The problem. Repeat the listing word for word. No pictures belong in the copy.

--- Data block ---

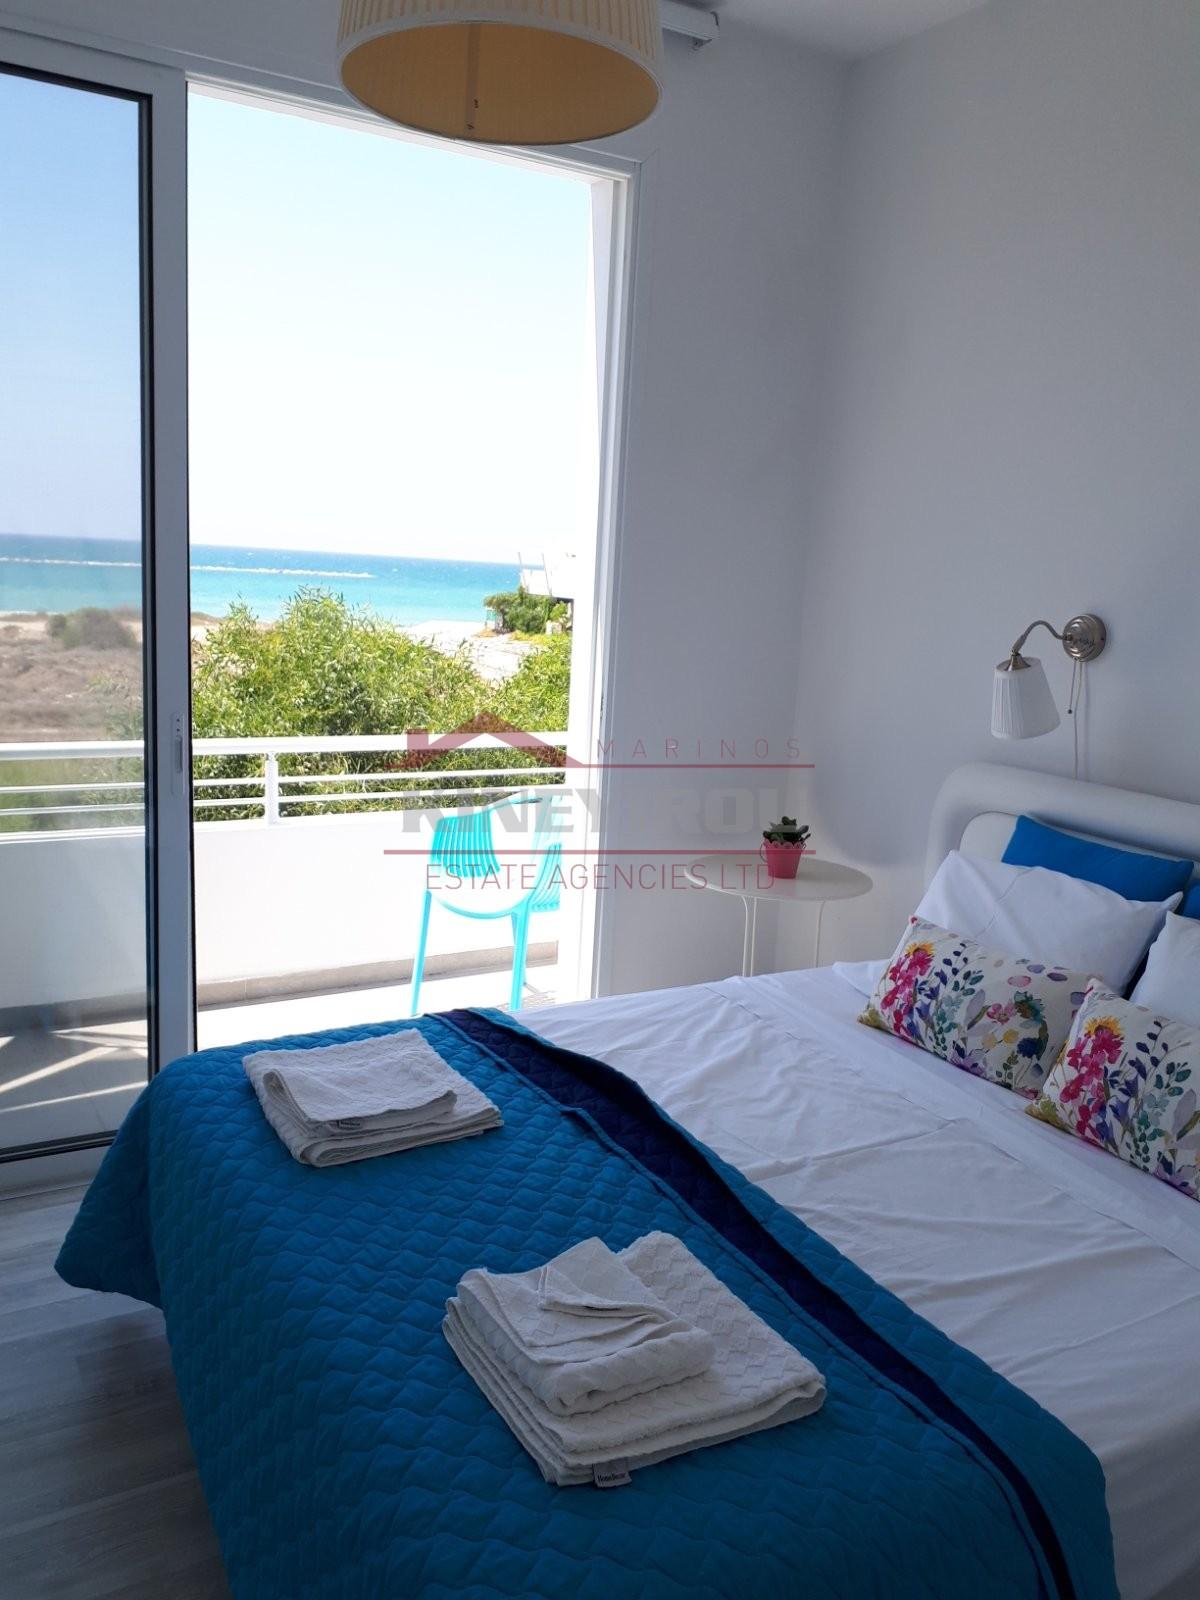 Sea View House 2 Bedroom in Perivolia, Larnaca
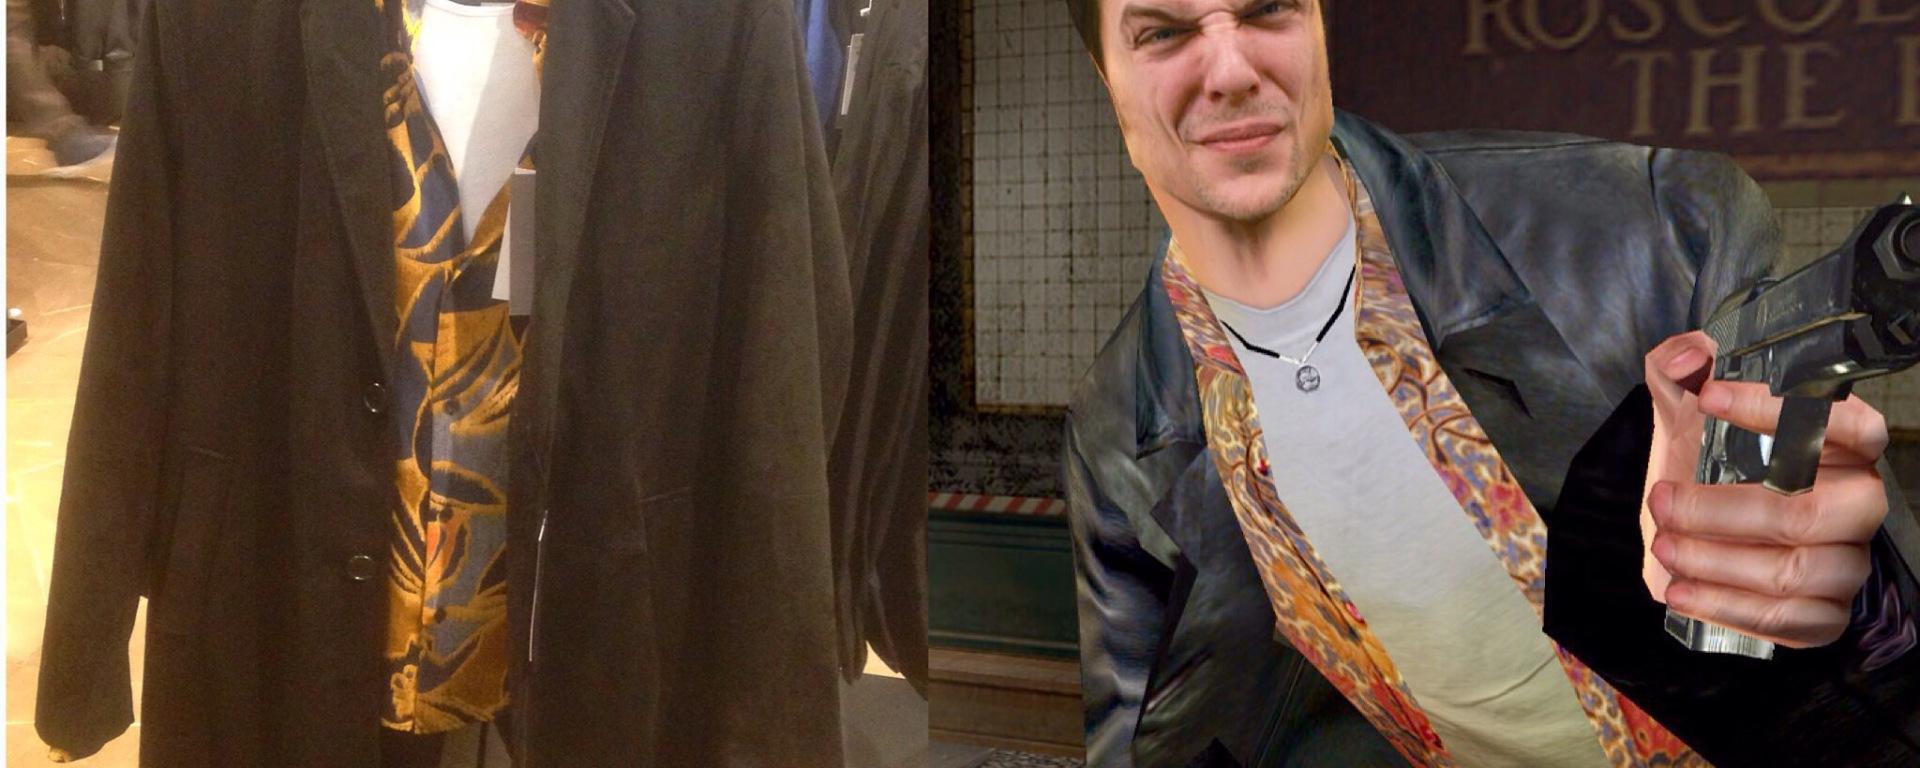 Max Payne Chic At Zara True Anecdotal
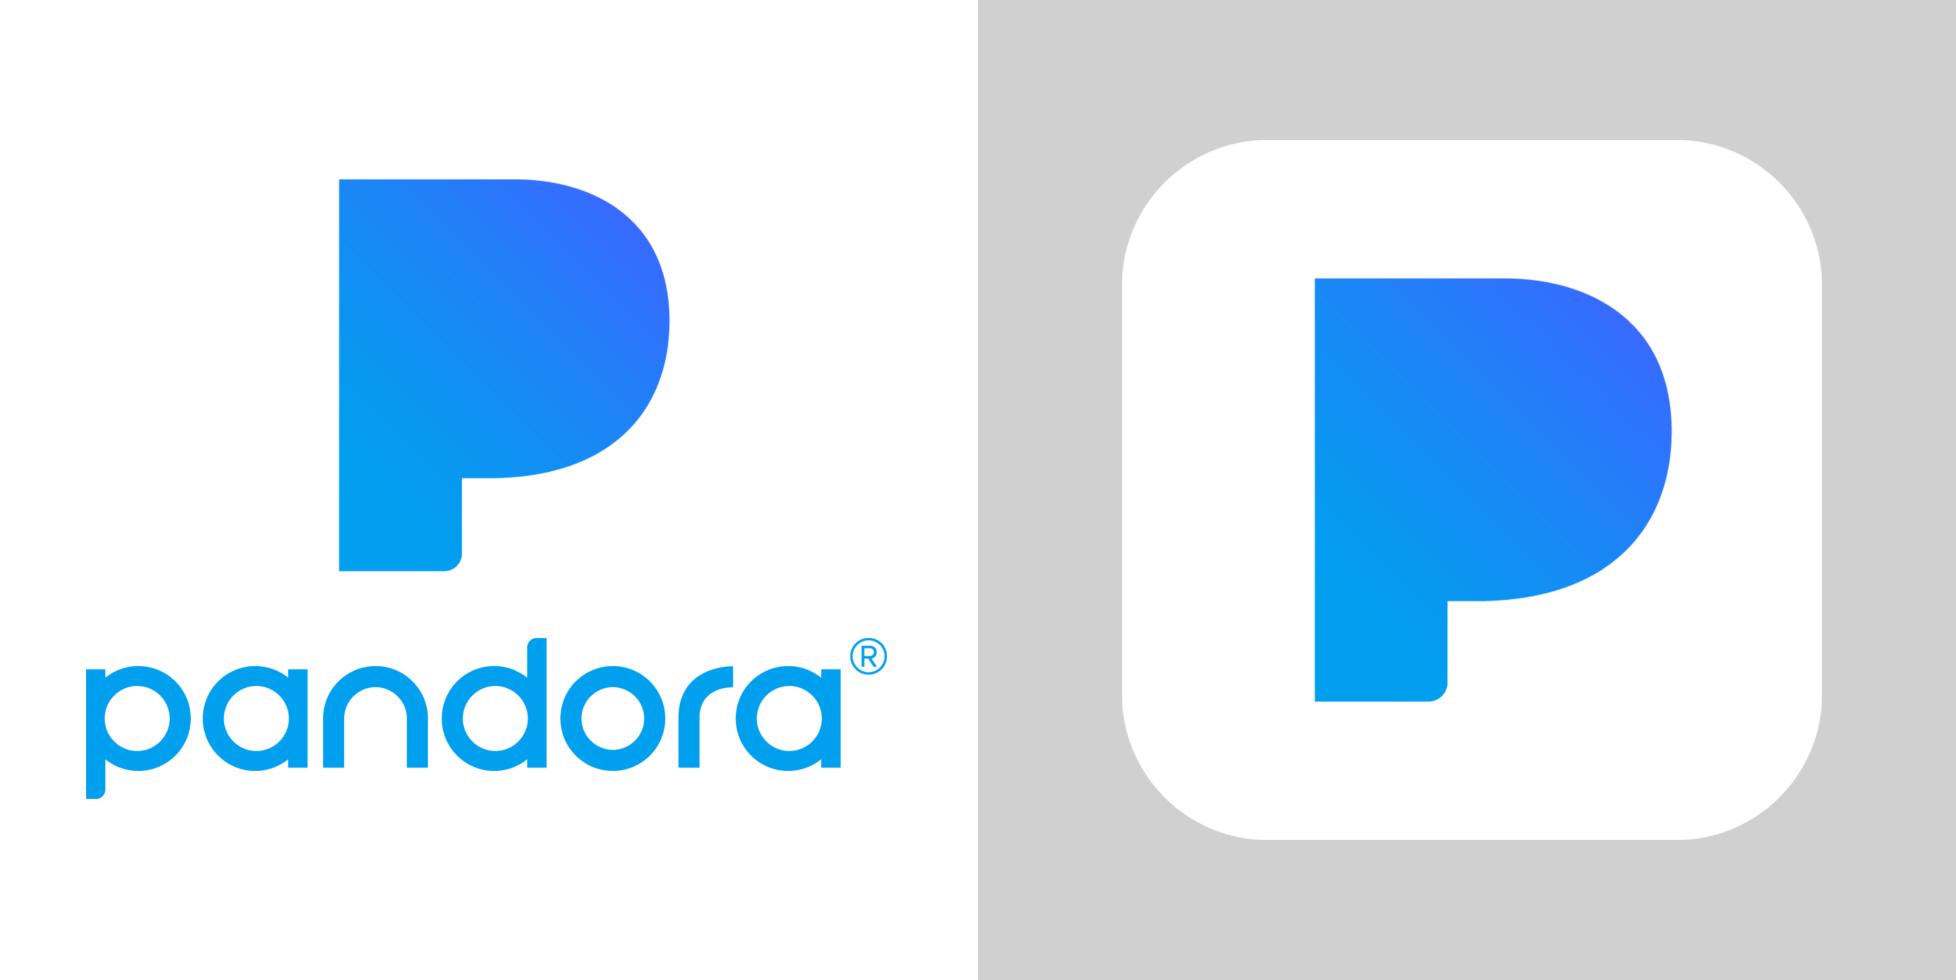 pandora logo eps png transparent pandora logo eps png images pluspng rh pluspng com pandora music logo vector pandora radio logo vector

---

Result below.
 Sea View House 2 Bedroom in Perivolia, Larnaca
 Max Payne Chic At Zara True Anecdotal
 pandora logo eps png transparent pandora logo eps png images pluspng rh pluspng com pandora music logo vector pandora radio logo vector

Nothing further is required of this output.